Trouble reading large file via Stdin

What happens

I need to read a large data file (~64k lines) “words.txt” to solve CA’s #131 challenge. But using cat to feed the code these words line by line is too slow.

What do you understand or find about that problem

I am using cat words.txt DATA.lst | ./[my filename] to first send the words then the problem’s input data, however cat takes a looong time to send them all, I tried to measure the time but around the 3 minutes mark not even half of the 66k words were in yet and my editor nearly crashed. This process also gets the poor Thinkpad’s cooling fan revving loudly and tends to crash before the code can deliver any output.

You make any workaround? What did you do?

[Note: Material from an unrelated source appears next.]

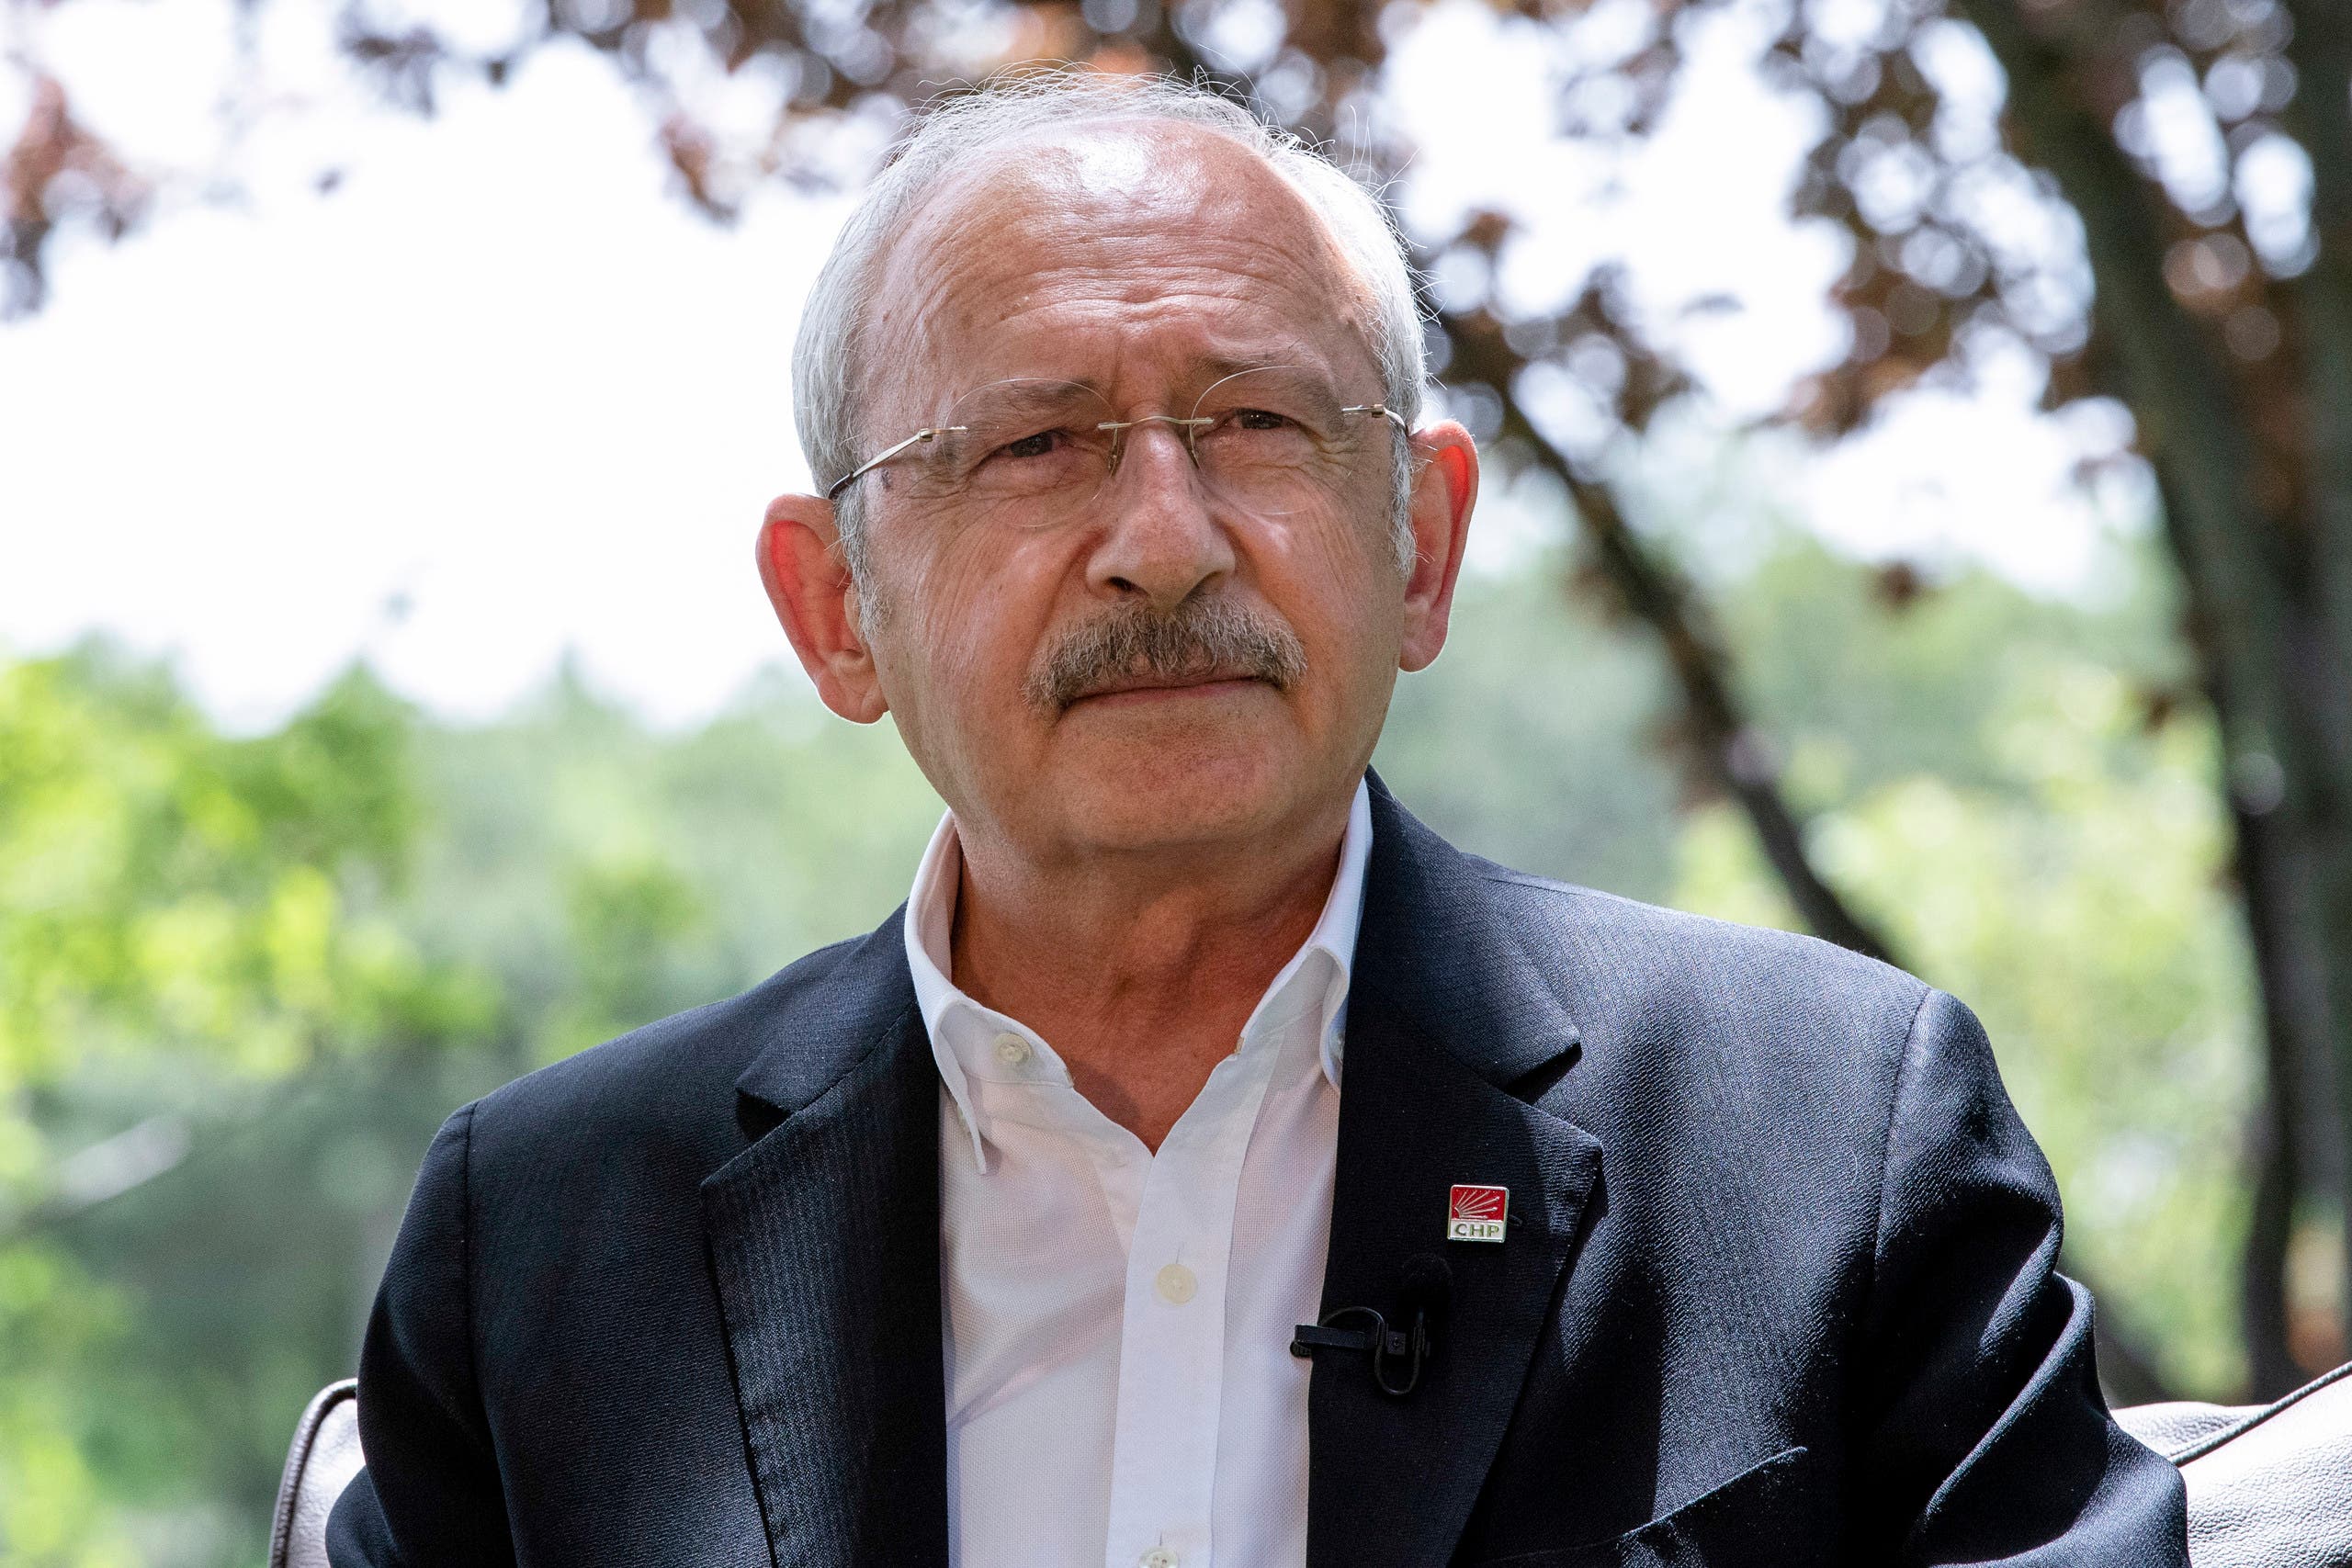 Kılıçdaroğlu, president of the Republican People's Party

I first tried to simply read the entire word file in one go and then read the DATA.lst line by line from stdin, the entire running time including the code’s own processing was around ~5 seconds and I found out the other accepted answers also try this approach.

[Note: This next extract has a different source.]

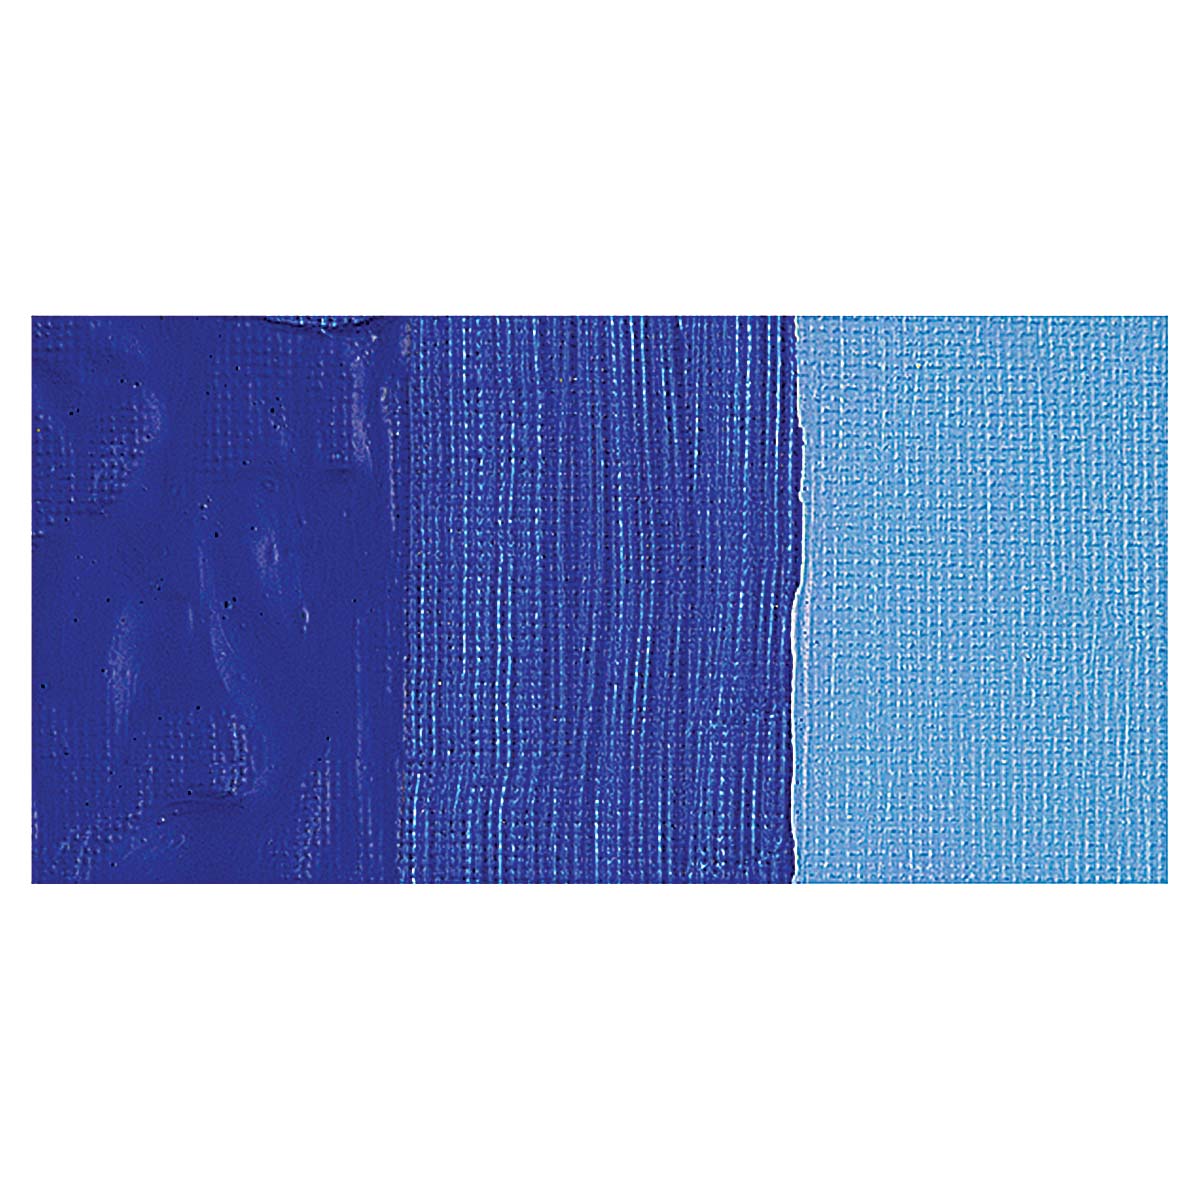 Blick Artists' Acrylic - Cobalt Blue, 2 oz tube

(Optional) Why fails your workaround?

It doesn’t, but apparently it doesn’t comply with the submissions’ input rule (#6) either and my MR was closed. Though I’d argue that the rule only explicitly mentions that the code must read the DATA.lst file, and my code complies with that.

Evidences

  • Before input change (read entire file approach)
    Nearly instantly, or taking 5 seconds at most, with the code’s output.
    image

  • After input change (feed words.txt file through StdIn line by line)
    I am showing the length of the list to gauge the reading progress, at around 22k words in out of 64k total it crashed.
    image

I need help with

Either relaxing the input rule for this scenario a bit or a fast way to process this file without the code crashing and my laptop’s cooling fan performing its best attempt to mimic a wind tunnel. :wind_face: :dizzy_face:

Hi! this problem It’s not produced by reading a big input the problem is due to the way that you are using, to create the list that you gonna post-process

image

FileContents ++ [Line] it’s a pretty slow way to create your list of data, I already found a way that can create a complete list with both files DATA.lst and word.txt in less than a second, and indeed you implement that function in your last MR

The idea is to read all the data at the same time, divide in two list if you consider necessary and post-process

Can you be more specific with how you got it? I tried using read_file_as_string but I can’t get the input to work at all to be honest

Since the problem is to read the stdin I just implement this function, you don’t need Words var…

image

And execute cat DATA.lst words.lst | ./test

Yeah that was it, the helper pred was causing that issue, thanks.